Анника медленно кивнула.
— Хотелось бы верить, — сказала она, — но я в этом не убеждена.
— Ты хорошо поработала вчера.
— Да нет, — отмахнулась Анника. — Я же ничего не написала. Я даже отказалась прислать фотографию Александра.
— Я имею в виду другое.
— Это очень грязное дело, — сказала Анника. — Я даже не знаю, как это все сложится в единую картину. У всех вовлеченных в это дело были свои мотивы, свои оправдания. Может быть, все они виновны, причем не только в том, в чем их обвиняют или находят виновными…
Андерс Шюман снова вздохнул.
— Мне пора домой, — сказал он.
— Мне тоже.
— Хочешь, я тебя подвезу?
Она секунду поколебалась.
— Да, пожалуйста.
Они встали, главный редактор выключил свет и, не потрудившись запереть кабинет, вышел вслед за Анникой в помещение редакции. По лестнице они спустились в гараж, к машине Шюмана.
— Почему ты всегда думала, что она невиновна? — спросил он, когда они выехали на Меларстранд.
Анника решила сказать правду:
— Я просто отождествила ее с собой.
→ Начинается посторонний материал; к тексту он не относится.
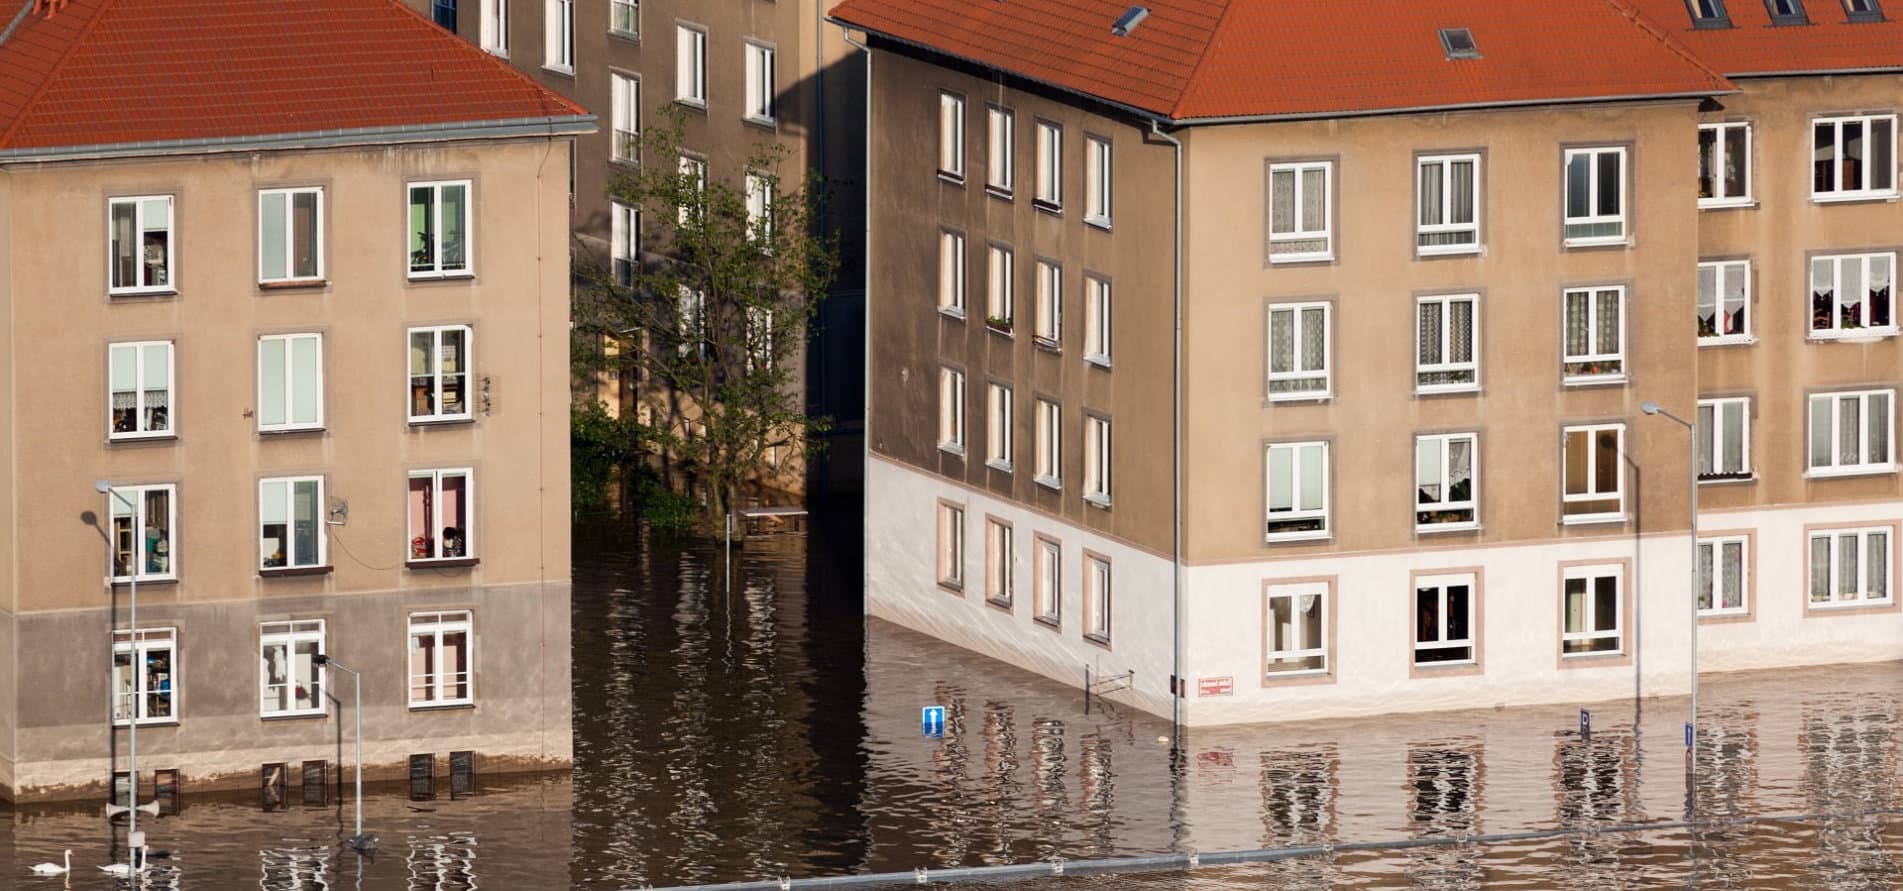 Bautrocknung bei Überschwemmung durch Trocknungstechnik Nord Hamburg

Если она невиновна, то и я тоже.
— Ты разговаривала с полицейскими о пожаре? К каким выводам они пришли?
Анника сглотнула.
— Нет, не разговаривала, — сказала она и отвернулась к окну.
Шюман высадил ее на автобусной остановке на мосту Мункброн.
— Но тебе все равно надо подыскать приличную квартиру, — сказал он.
— Я знаю, — сказала Анника, вышла из машины и закрыла дверь.